Now that was funny....

Seig,

I think what he's saying is that with all of the closing gap techniques we have in Kenpo that make you think we are still a far distance from you, not to mention the speed of most Kenpo guys that can spar, that that four inch rule won't work. 

Remember that Mr. C did his time in the square...where when a guy got within 3 or 4 feet they were pounding on each other. 

Remember how folks would say Bruce Lee would stand 6 feet away from them, tell them where he was going to hit them, and then do it before they could stop it. 

Or how a person with a knife has covered 21 feet in a matter of 2 or 3 seconds as a police officer attempted to pull his firearm only to get cut up.

If I get 4 or 6 inches from you and you haven't reacted, your getting hit (actually your already hit). 

What about getting them to hit on focus mitts, moving around each of you in a fighting stance. That will give them a chance to work on their hand placement and position, and get the "feel" of a body in front of them.

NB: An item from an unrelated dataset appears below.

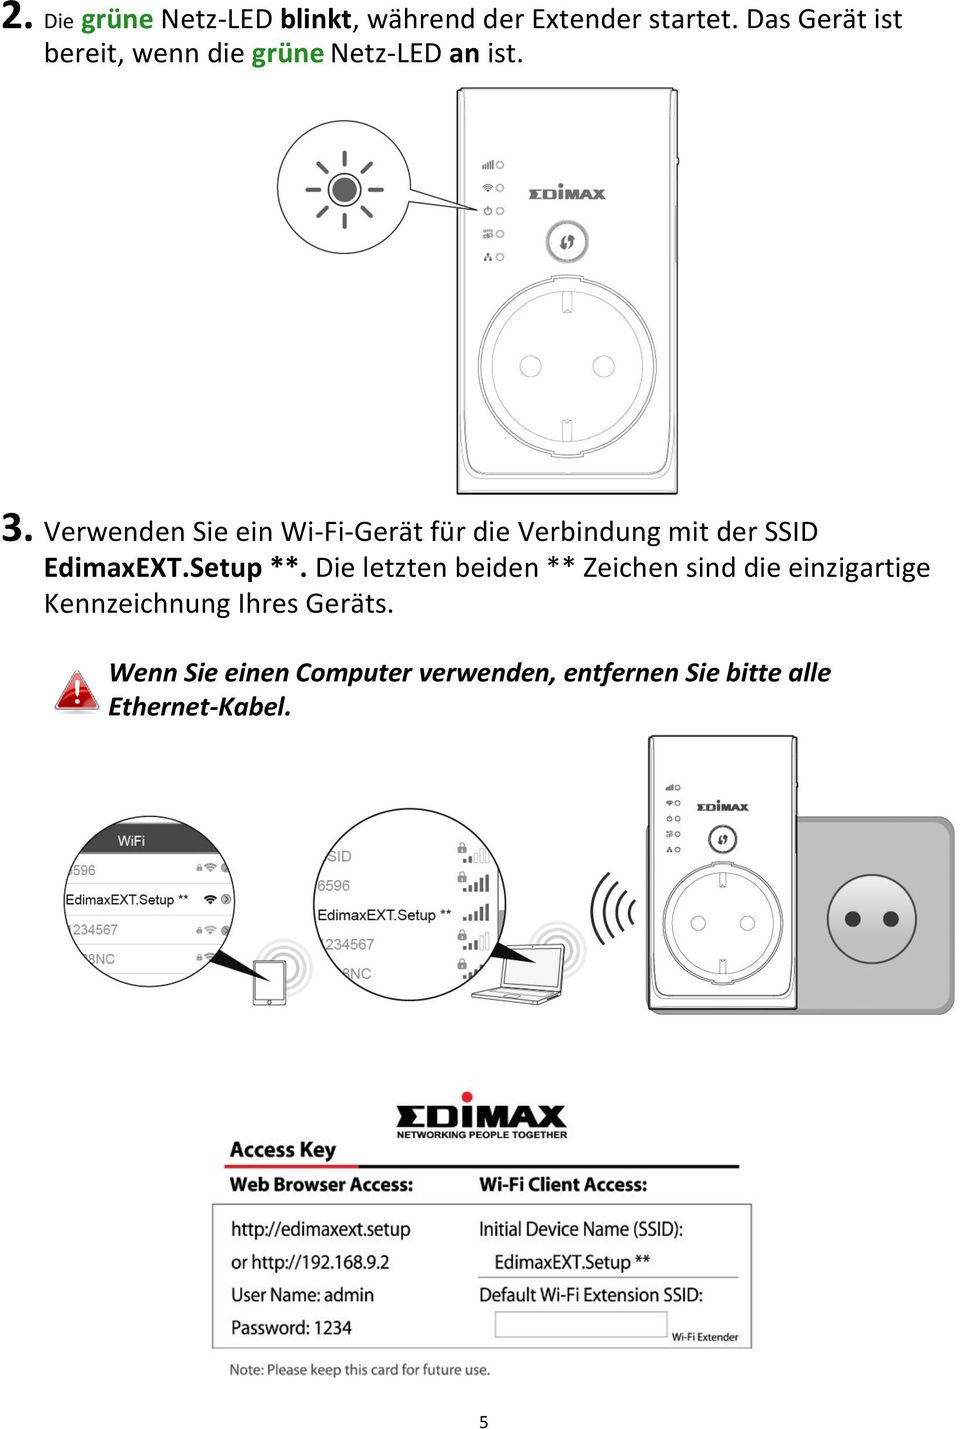 Verwenden Sie ein Wi-Fi-Gerät für die Verbindung mit der SSID EdimaxEXT.Setup **.
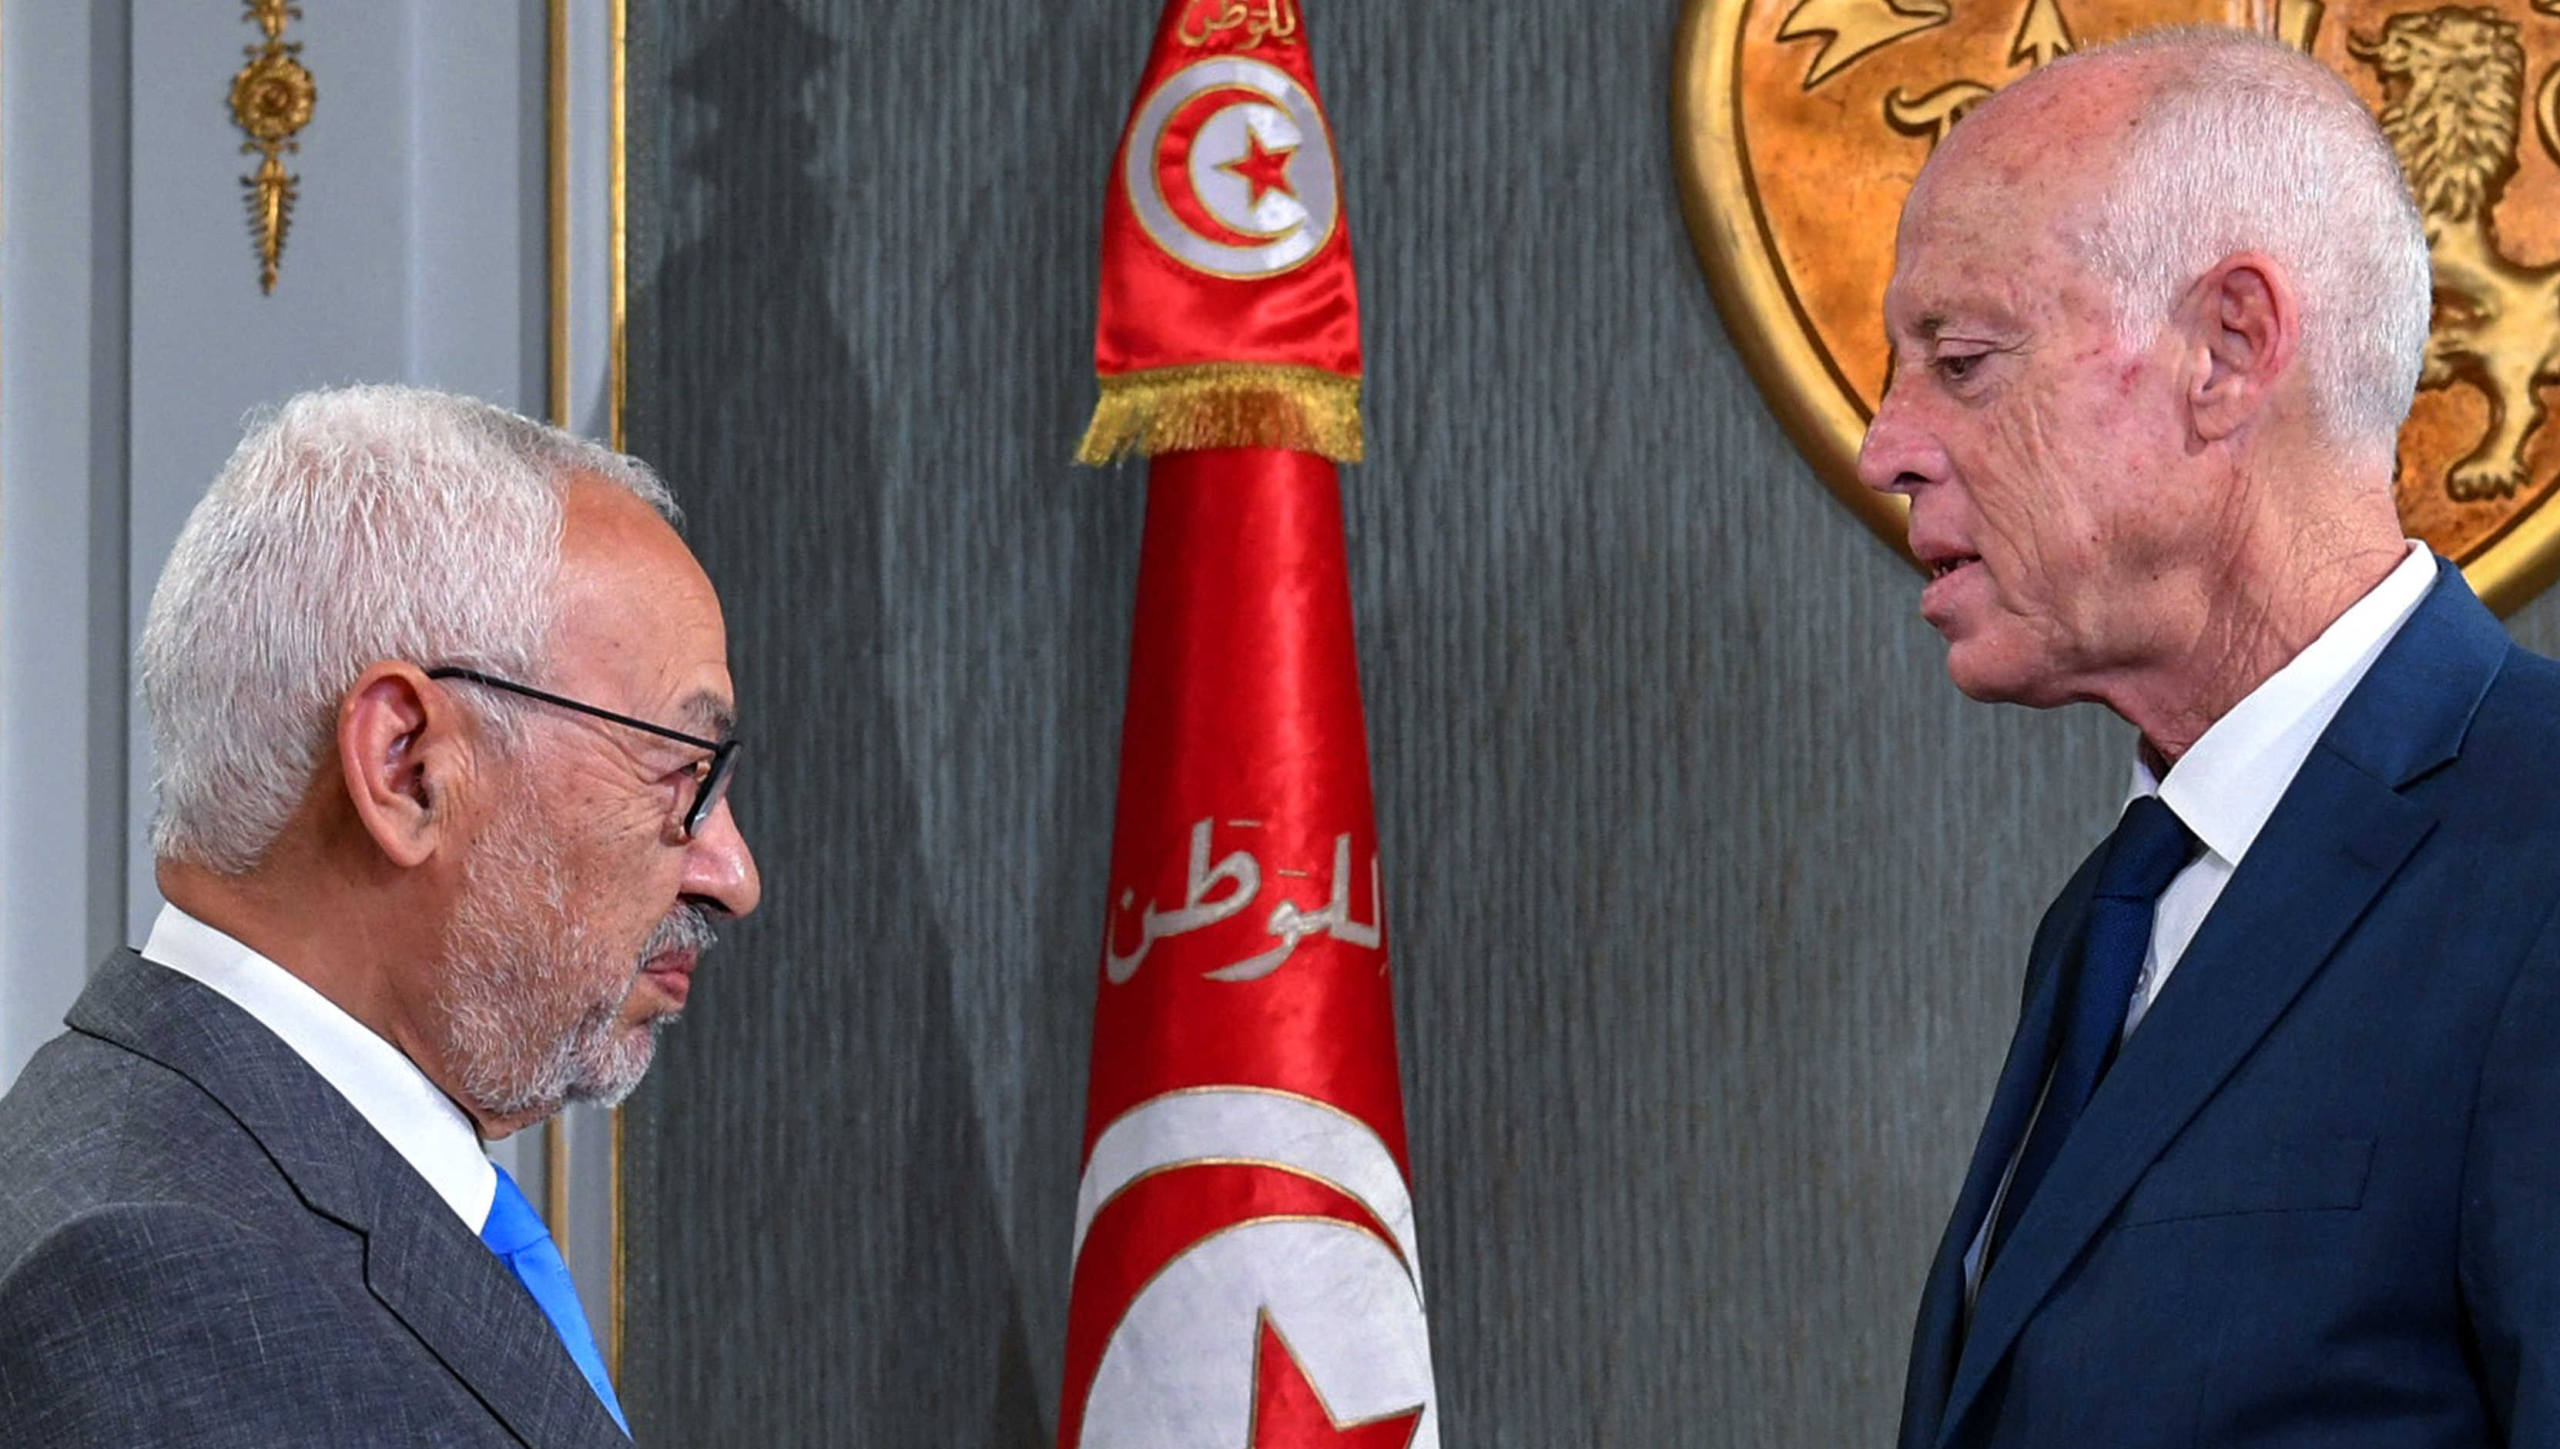 بايدن يحض الرئيس التونسي على تسريع العودة إلى مسار الديمقراطية

Just some thoughts, jb:asian:


----------



## kenpo_cory (May 23, 2002)

> _Originally posted by Seig _
> 
> *
> I never had the pleasure or honor of meetng Mr. parker or hearing him speak.  This is one of those things I picked up on my own, worked with with my fellow students and later my students.  the basic premise is this, the shortest distance between two points combined with it is easier to stop a moving obkect after it has reached the apex of it's speed and power.  Mr. C, I have no doubt that you could tag me.  I believe, sir, that if you examne it, you will findit ot have vailidty, especially when dealing with lesser expereinced practitioners.  The way this "discovery" came ot me was noticing that people have a tendency to 'reach" for blocks.  Not only does that practice open you to more attacks, it lessens your reactionary time and space.  I found by restricting the reaction zone that blocking was faster and more decisive and allowed a quicker recovery/ or reset time.:asian: *



We use this principle, but 4 inches seems a bit close. Usually we don't have a "set in stone" distance. Maybe one day my skills will allow me to block strikes at 4 inches from by body.


----------



## Turner (May 23, 2002)

I see where Seig is coming from; often times when working with self defense techniques the attacker, controlling his urge to track his target will actually punch to the outside of the body... And everyone still blocks the strike even though it is outside the body. 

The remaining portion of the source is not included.